Я собирал отца в очередную поездку.
Он встал из-за стола, отпустил широкий ремень на две дырки.
— Щи наваристые, — сказал он. — И баранина ничего. Жирновата, правда.
— Какую привез, — заметила мать, убирая со стола.
— В Полоцке жирная баранина, — сказал отец. — В Витебске — постнее.
Мой отец любит поесть. Он мог съесть две тарелки первого и две второго. И чаю выпить четыре стакана. Ростом он был невысок, но крепок в плечах. Железнодорожный китель ладно сидел на нем.
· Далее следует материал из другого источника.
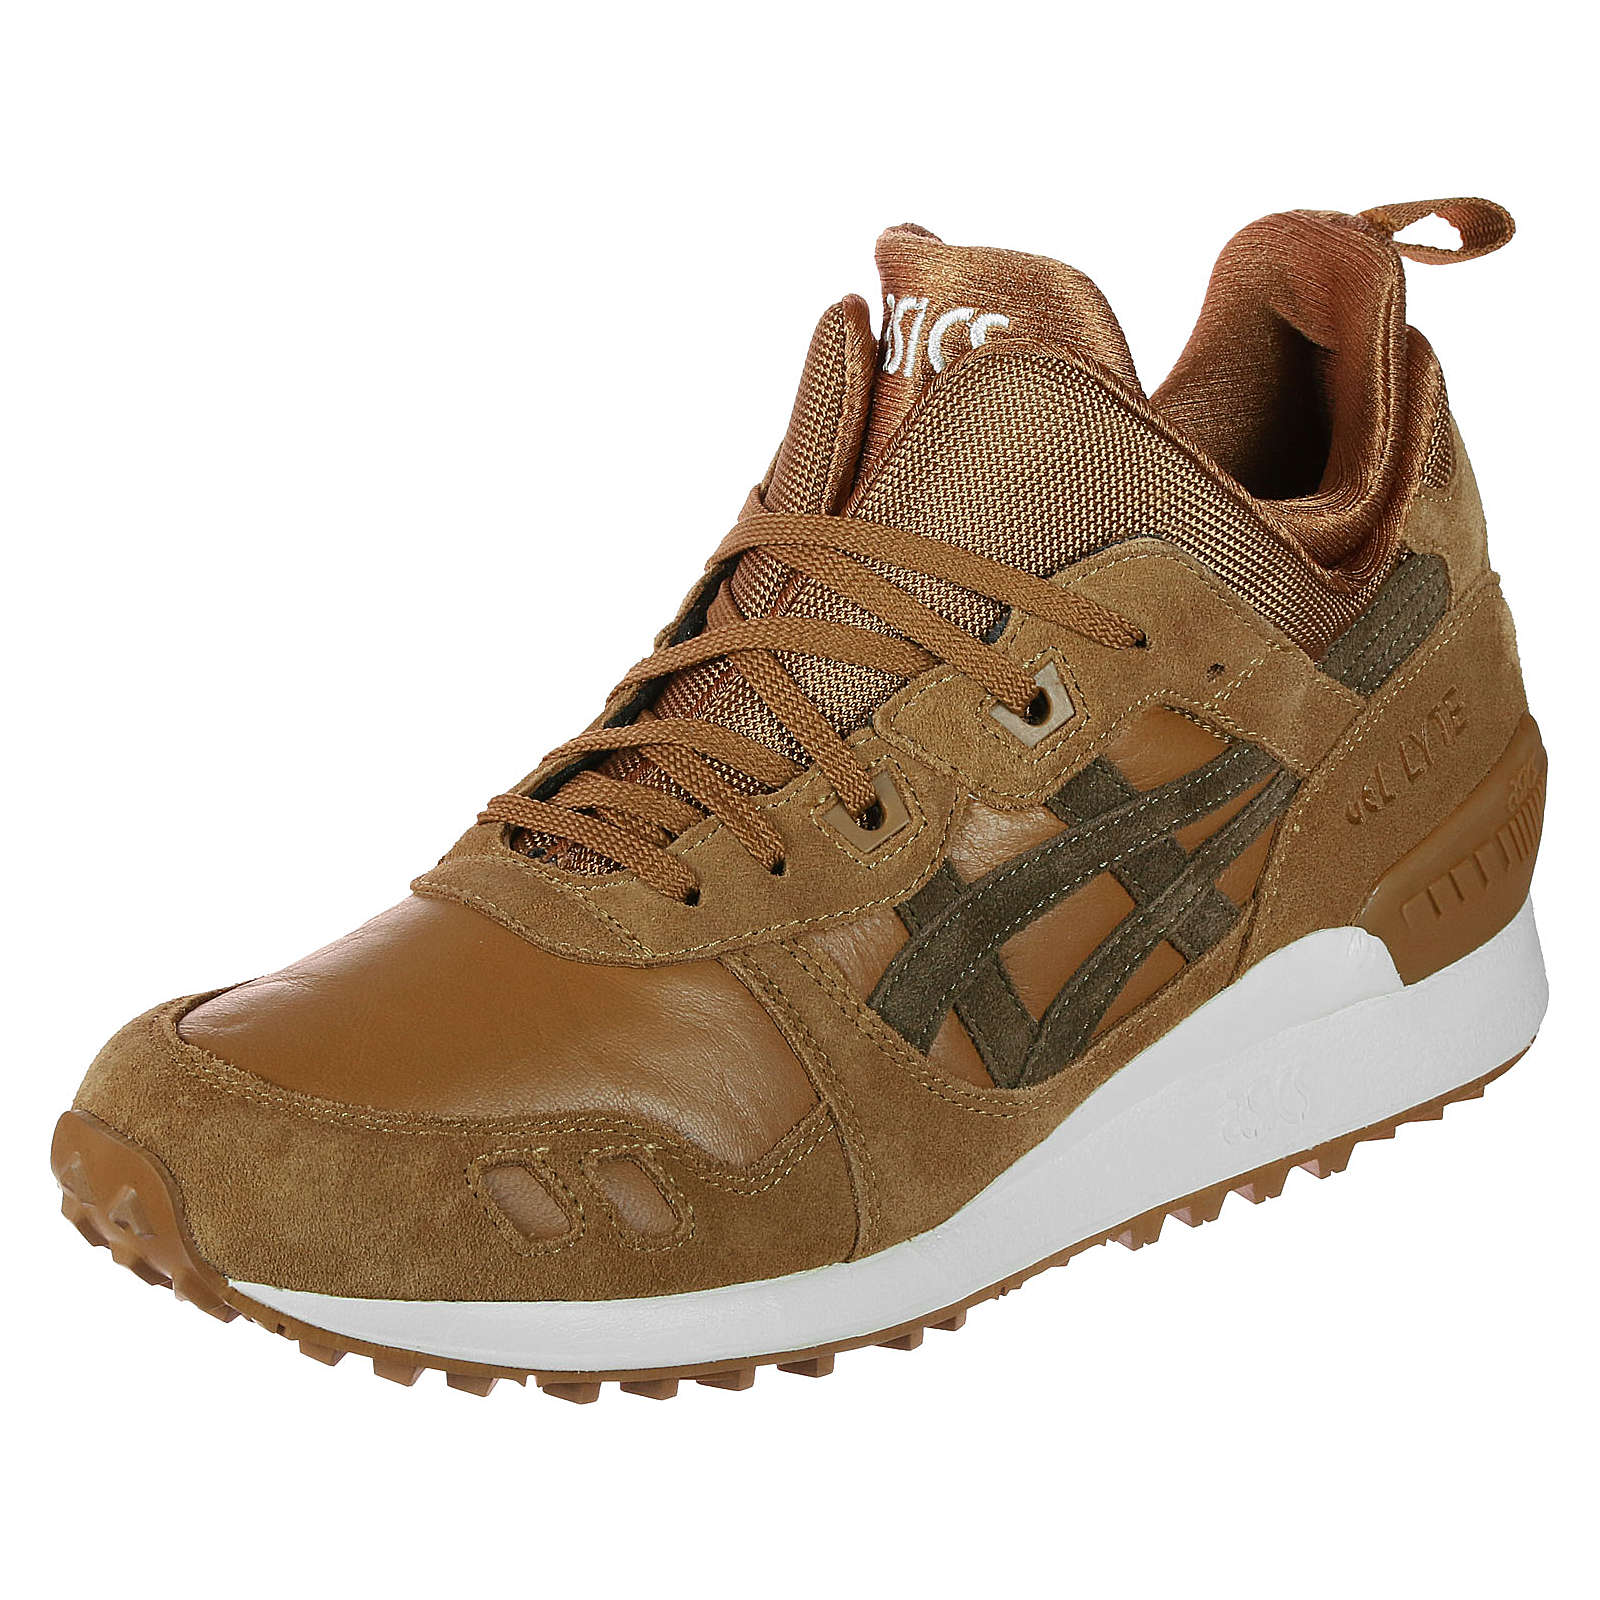 Asics Tiger Sneaker GEL-Lyte MT mit stabilisierender Fersenkammer Sneakers Low braun Herren Gr. 42

И белые пуговки с молоточками всегда сияли. Прямые русые волосы поредели на затылке. Щеки крепкие, колючие. На них вырастала быстро щетина. Утром побреется отец, а к вечеру опять колючий. Глаза у него хорошие. Небольшие, серые, но добрые.
— Ну как, сын? — спросил отец. — Собрал сумку?
— Полный порядок, — ответил я.
— Федя, — сказала мать, — чуть не забыла! Купи в Ленинграде, в хозяйственном, две бутылки олифы.
— Для каких это надобностей?
— Петр веранду доделал. Покрасить хочет. Он насчет цинковых белил толковал и гвоздей…
— А шиферу ему не надобно? Или вагон кирпича?
— Не чужой ведь?
— Я не верблюд, — сказал отец и нахмурился.
Солнце клонилось в сторону леса, когда мы вышли из дому. Вершины елей сначала пожелтели, потом покраснели. В бору звонко куковала кукушка. Я давно заметил, что кукушки любят куковать после дождя. В полдень над деревней прошумел дождь. На дороге разлились широкие лужи. По краям собралась желтая пена. Отец шагал, размахивая сумкой. Лицо у него недовольное. Опять придется ему бегать по магазинам, доставать олифу, белила, гвозди, да еще мать сто поручений надавала.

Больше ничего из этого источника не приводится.